The system can detect movement conflicts or near-misses in streaming mode within a small latency. The system also can perform historical analysis where the user specifies a time window of interest. The tool may filter and analyze the trajectories of vehicles and pedestrians passing through a traffic intersection during that time. The system is based on intersection videos obtained using fisheye cameras because fisheye cameras can capture a complete view of the intersection, unlike regular cameras that can record approaches from only one direction.

The main contributions of our work presented in this paper are summarized below.

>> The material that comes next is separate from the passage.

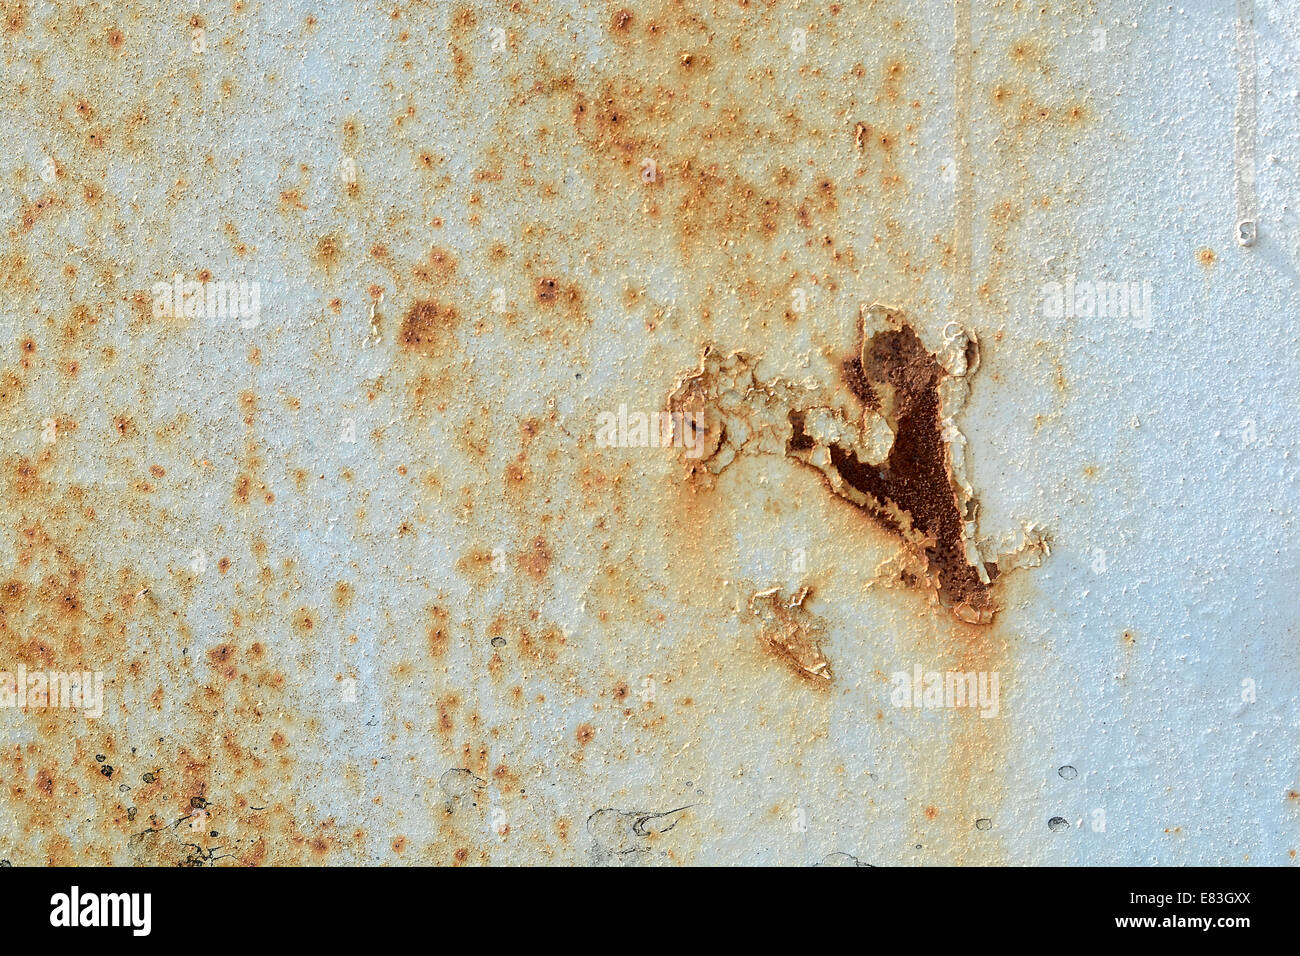 scratched ripped metal plating, grunge background Stock Photo

The tool allows users to filter trajectories based on an intersection’s time and signaling phases. The filtered trajectories, in combination with the ongoing signal data, help the user to determine the trajectories that violate the red light.
The tool uses powerful clustering algorithms that segment the trajectories based on object type and the path traversed, resulting in interesting visualization-based insights of traffic behavior in terms of normal and safe versus rare and accident-prone. Besides, clustering also helps us determine counts of vehicles on different lanes as the trajectories on separate lanes form separate clusters.
The tool can be used to perform traffic analysis to get insights into key trends at an intersection. Visualizing the dominant traffic behavior in different settings may help the traffic engineer address potential bottlenecks by changing the timing plan or revamping the intersection.
The tool has streaming mode reporting capabilities, which is immensely beneficial for observing the traffic trends of an intersection with a small latency (a few minutes).
The tool maps the vehicles from a spherical coordinate system corresponding to the fisheye camera to a rectangular space. This can then be aligned with a mapping tool such as Google Maps.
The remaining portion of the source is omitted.